New Zealand Parliament
- Long title An Act to establish Family Courts as divisions of District Courts, and to provide for the constitution, jurisdiction, powers, and procedures of Family Courts ;
- Commenced: 1 October 1981
- Administered by: Minister of Justice

Amends
- Family Courts Amendment Act 1991, 2007, 2000, 2008 Department of Justice (Restructuring) Act 1995, District Courts Amendment Act 1996

= Family Courts Act 1980 =

Act of Parliament in New Zealand

The Family Courts Act 1980 is a New Zealand law covering family courts, which have jurisdiction over marriage, civil unions, divorce, custody of children, child support and wills. Family courts are a division of the District Court and also operate under the District Courts Act 1947. Family courts were among the first in New Zealand to focus on informality; neither judges nor lawyers may wear wigs and gowns are banned for lawyers and optional for judges.

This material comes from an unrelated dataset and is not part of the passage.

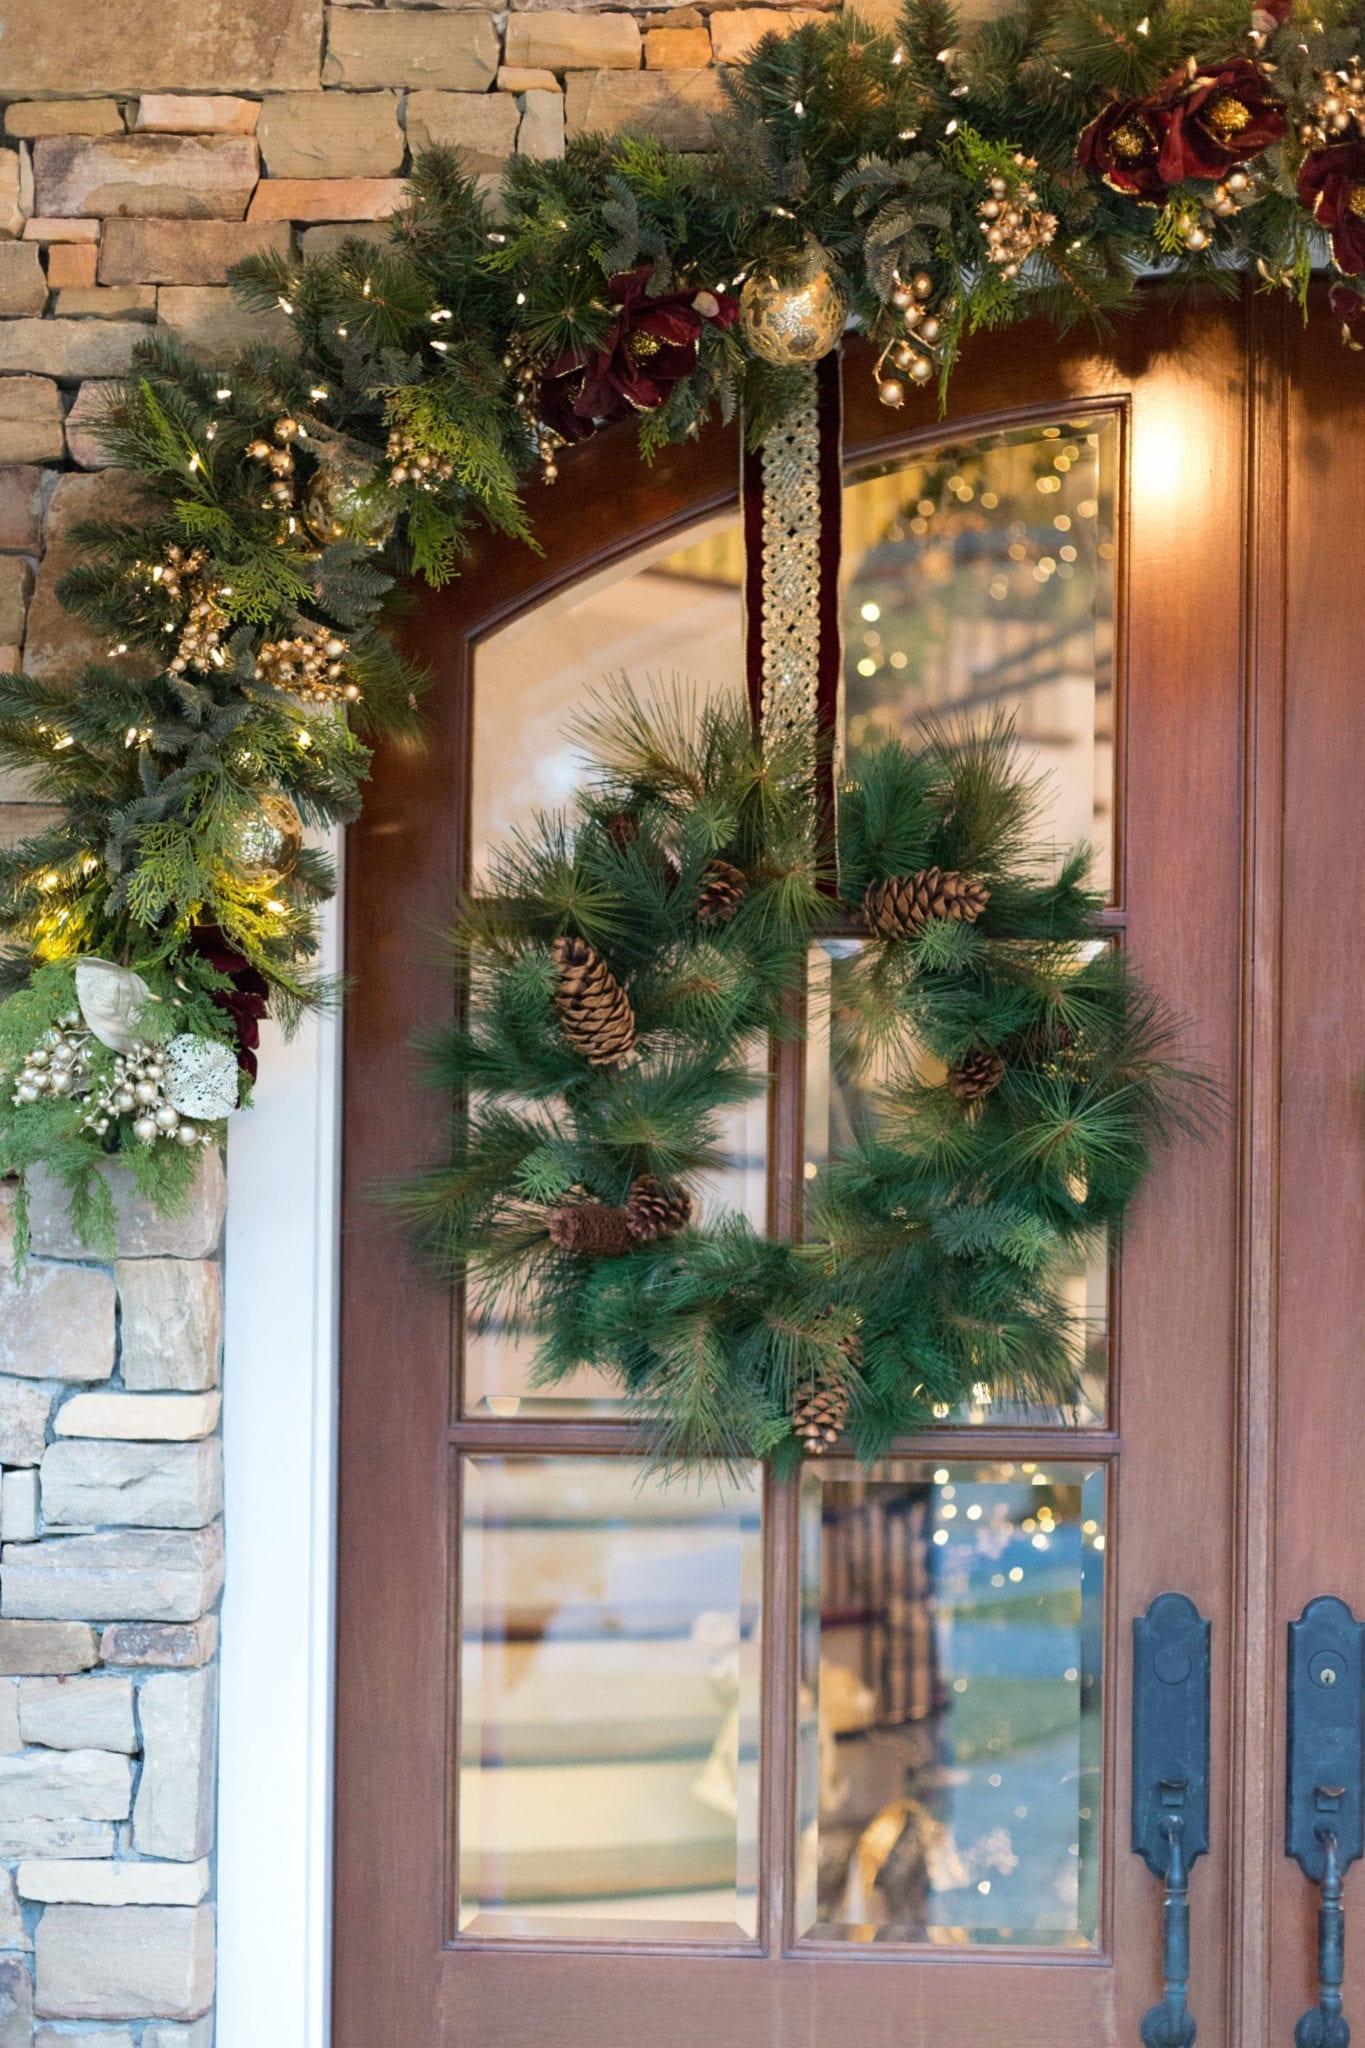 How to Hang a Wreath on a Door

The Act is notable for Section 11B, which amounts to a default blanket ban on reporting of most of the business of the court when children are involved. Stories that are reported often have details such as the gender of children omitted. A rare instance of detailed on-going coverage was the kidnapping of Jayden Headley, when publishing of the details was encouraged to locate the victim.

Most of the acts the family courts have jurisdiction over have been updated to include same-sex partners. Exceptions are the Marriage Act 1955, which is matched by the Civil Union Act 2004 and the Adoption Act 1955 which currently prevents same-sex couples from adopting. There is currently political pressure to change this.